Resolution language makes the distinction important. The market question is about restoration for US customers, so evidence of access outside the US, private testing, or vague future availability would carry less force than a clear statement that the specified model is available again to US accounts. That creates a premium on explicit access language over broad public-relations messaging.
The hidden assumption is a reversible directive
The decisive variable is the directive’s scope, which the supplied market context does not disclose. The price curve leans toward a reversible interruption: too slow for the front date, fast enough for late June, and likely enough by July 1 to make the final timeframe the highest-priced outcome. The $124.98K in volume, $67.4K in liquidity, and $62.56K in open interest matter because they show the time curve has attracted meaningful disagreement beyond a single stale quote.
If the directive set clear conditions Anthropic can meet, the market’s shape has a clean logic. If the directive instead points to a broader policy review, the same curve becomes vulnerable to official silence. The market is effectively using time as a proxy for scope: narrow concern, quick restoration; broad concern, prolonged suspension.
Explicit access language would force the fastest repricing
The sharpest catalysts would be evidence tied directly to US customer access and the government directive. Because each timeframe is represented by a separate Yes price, ambiguous statements could move the curve unevenly, while dated confirmation would matter most for the affected deadline.
- An Anthropic status update or customer notice stating Claude Fable 5 access has resumed for US customers.
- A US government statement rescinding, narrowing, or extending the directive.
- Product documentation showing the specified model available to US accounts through the relevant channel.
- A hypothetical administrative or court filing showing that restoration depends on a longer review process.

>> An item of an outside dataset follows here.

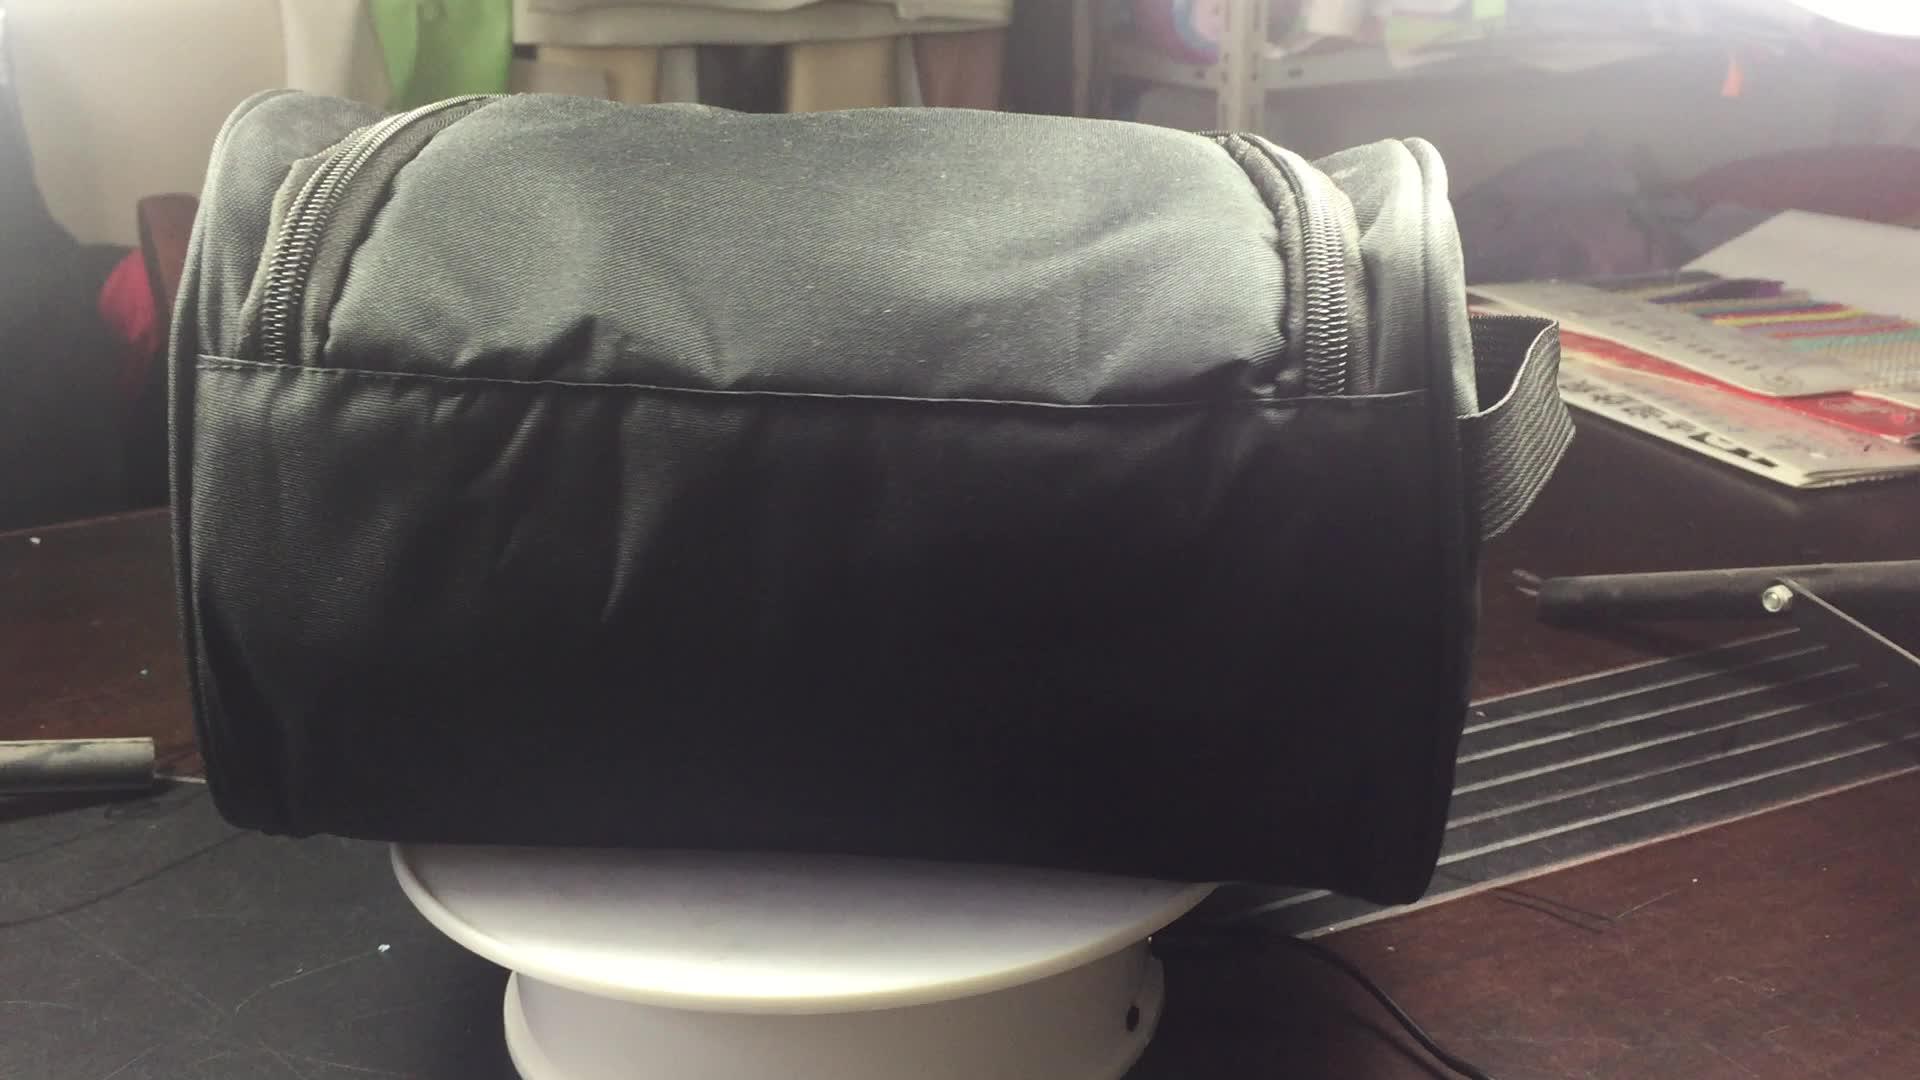 300D travel toilet bag

The counter-signal is a directive that keeps widening
The strongest challenge to the July 1 price is that agency clocks can outlast product pressure. If the order concerns a policy issue requiring interagency coordination, formal certification, or a revised deployment design, the June 22 timeline may miss the institutional reality. That scenario would gain force from silence as deadlines approach, continued suspension notices for US customers, or wording that makes restoration conditional on future review.
That is why the curve’s shape matters as much as any single price. It treats same-day return as a difficult administrative sprint, late-June restoration as the plausible resolution window, and July 1 as a deadline that still carries policy risk. The market should react most sharply to evidence that reveals the directive’s size: narrow compliance fix, broad policy hold, or explicit clearance.